Current porous graphene preparation is mainly through inorganic nano-particle (silicon-dioxide, nano-calcium carbonate etc.), polymkeric substance hard sphere (polystyrene (PS) and polymethylmethacrylate (PMMA) ball) for template or inorganic salt be that etching agent is to prepare porous graphene, but need owing to adopting inorganic nano-particle the etching agent comparing toxicity, so be difficult to suitability for industrialized production, and the polymkeric substance hard sphere adopted all in macropore size range (hundreds of nanometer is to micron order), its contribution for specific surface area is very effective, therefore at electrical condenser, battery, the application of the aspects such as gas adsorption is restricted.Recently, Zhang etc. have prepared a kind of porous graphene of nitrogen sulphur codoped, although adopt PS to be that template makes specific surface area very low, but because Heteroatom doping makes its lithium battery material have ultrafast charging and high stability (ACS Nano, 2013,7,2422-2430).Heteroatom doping (as N, B, P and S etc.) is because the heteroatoms electronegativity of doping is than carbon atom C (χ=2.55) high (N: χ=3.04, S: χ=2.58) or low by (B: χ=2.04, P: χ=2.19), thus make N, S atom can provide electronics to adjacent C atom, and B or P atom can bring out generation hole charge carrier, and then increase electric density and energy state density.Two kinds of atom codopeds, the electronegativity of one of them atom is higher than carbon atom (such as N), another lower than carbon atom (such as B), a kind of electronic structure of uniqueness can be formed (such as, B-C-N), due to atom N give electronics and B atomic absorption electronic capability, now avtive spot is on electronegative atom B instead of on C atom, thus makes codope higher than the hydrogen reduction catalytic efficiency of the Graphene of single doping vario-property due to collaborative coupling effect.Compare B atom, phosphorus atom also can be doped in Graphene skeleton as another kind of electron donor, but (it and synperiodic C atom have similar covalent radius, and form sp to be fundamentally different from B atom
2the two dimensional structure of hybridized orbital), P atom is positioned at the period 3, and P-C key is 1.77, and much larger than C-C bond distance (1.42), it is sp
3the pyramid structure of hydridization.Therefore, P atom highlights from the surface of carbon lattice and produces high twist carbon structure, forms a large amount of open site, edge and fold pattern.Therefore, N and P codoped becomes the focus of research at present.

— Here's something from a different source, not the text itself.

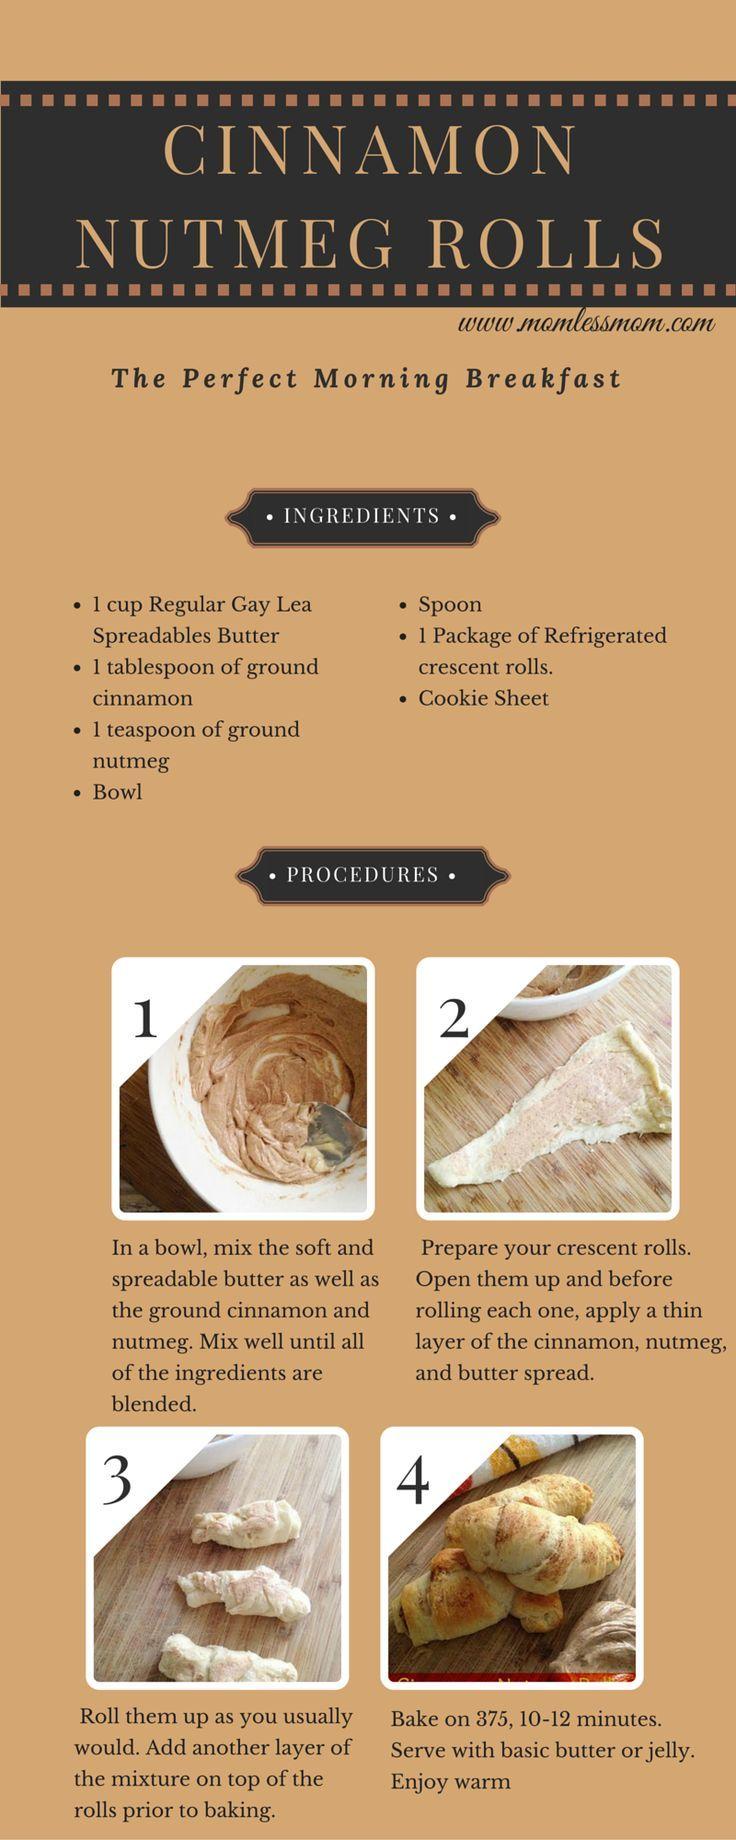 Cinnamon Nutmeg Rolls Recipe

Based on this, we utilize the graphene oxide of lower concentration, phosphorous poly ion liquid microgel is soft template and ammoniacal liquor drilling method coordinate system for the porous graphene of a kind of nitrogen and phosphor codoping, this Graphene hole wall is very thin, lower than 3.5 nm, specific surface area and pore volume large, N and P element major part be entrained in mesoporous in, this method due to raw material sources extensive, and reaction conditions can be controlled simply realize Heteroatom doping vesicular structure, therefore, this nitrogen, phosphor codoping porous graphene can Application and Development to the equipment of other various advanced person, as electrical condenser, catalyzer, sensor and battery etc.
Summary of the invention
The invention provides a kind of preparation method of porous graphene of nitrogen-phosphor codoping.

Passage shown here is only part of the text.